───── Exercise input
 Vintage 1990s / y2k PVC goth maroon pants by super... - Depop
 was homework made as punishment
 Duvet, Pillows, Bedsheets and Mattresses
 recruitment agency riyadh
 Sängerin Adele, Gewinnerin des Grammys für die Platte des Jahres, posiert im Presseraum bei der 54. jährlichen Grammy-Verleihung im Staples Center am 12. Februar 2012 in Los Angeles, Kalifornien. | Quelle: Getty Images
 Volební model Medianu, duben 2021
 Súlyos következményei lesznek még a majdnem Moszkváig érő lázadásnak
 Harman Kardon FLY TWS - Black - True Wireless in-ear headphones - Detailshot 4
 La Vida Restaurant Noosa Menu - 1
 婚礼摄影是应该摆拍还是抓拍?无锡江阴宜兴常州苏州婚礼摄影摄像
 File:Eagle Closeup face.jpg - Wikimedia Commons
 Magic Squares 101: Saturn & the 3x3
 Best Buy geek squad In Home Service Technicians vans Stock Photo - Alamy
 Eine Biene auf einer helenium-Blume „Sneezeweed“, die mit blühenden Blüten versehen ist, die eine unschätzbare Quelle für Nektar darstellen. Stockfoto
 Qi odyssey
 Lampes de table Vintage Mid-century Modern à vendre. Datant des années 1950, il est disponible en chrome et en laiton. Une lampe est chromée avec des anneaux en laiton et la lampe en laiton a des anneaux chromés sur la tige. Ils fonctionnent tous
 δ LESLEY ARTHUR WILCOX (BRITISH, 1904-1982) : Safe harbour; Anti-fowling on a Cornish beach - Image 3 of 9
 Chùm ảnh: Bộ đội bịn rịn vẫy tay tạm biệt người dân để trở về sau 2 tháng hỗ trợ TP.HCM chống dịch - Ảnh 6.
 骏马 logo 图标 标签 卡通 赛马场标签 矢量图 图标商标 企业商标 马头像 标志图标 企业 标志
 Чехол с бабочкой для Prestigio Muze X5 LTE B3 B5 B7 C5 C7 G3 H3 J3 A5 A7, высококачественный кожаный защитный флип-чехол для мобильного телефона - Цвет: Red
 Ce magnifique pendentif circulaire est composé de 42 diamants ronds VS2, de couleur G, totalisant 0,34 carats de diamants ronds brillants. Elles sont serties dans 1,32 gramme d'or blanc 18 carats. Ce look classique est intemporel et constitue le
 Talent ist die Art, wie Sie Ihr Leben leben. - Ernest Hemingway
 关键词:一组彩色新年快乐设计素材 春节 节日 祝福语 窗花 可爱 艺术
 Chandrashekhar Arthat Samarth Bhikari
──────────
## Your assignment
Tally the lines in the records that contain the word "Quelle"; the answer is that number and nothing more.

## Solution
2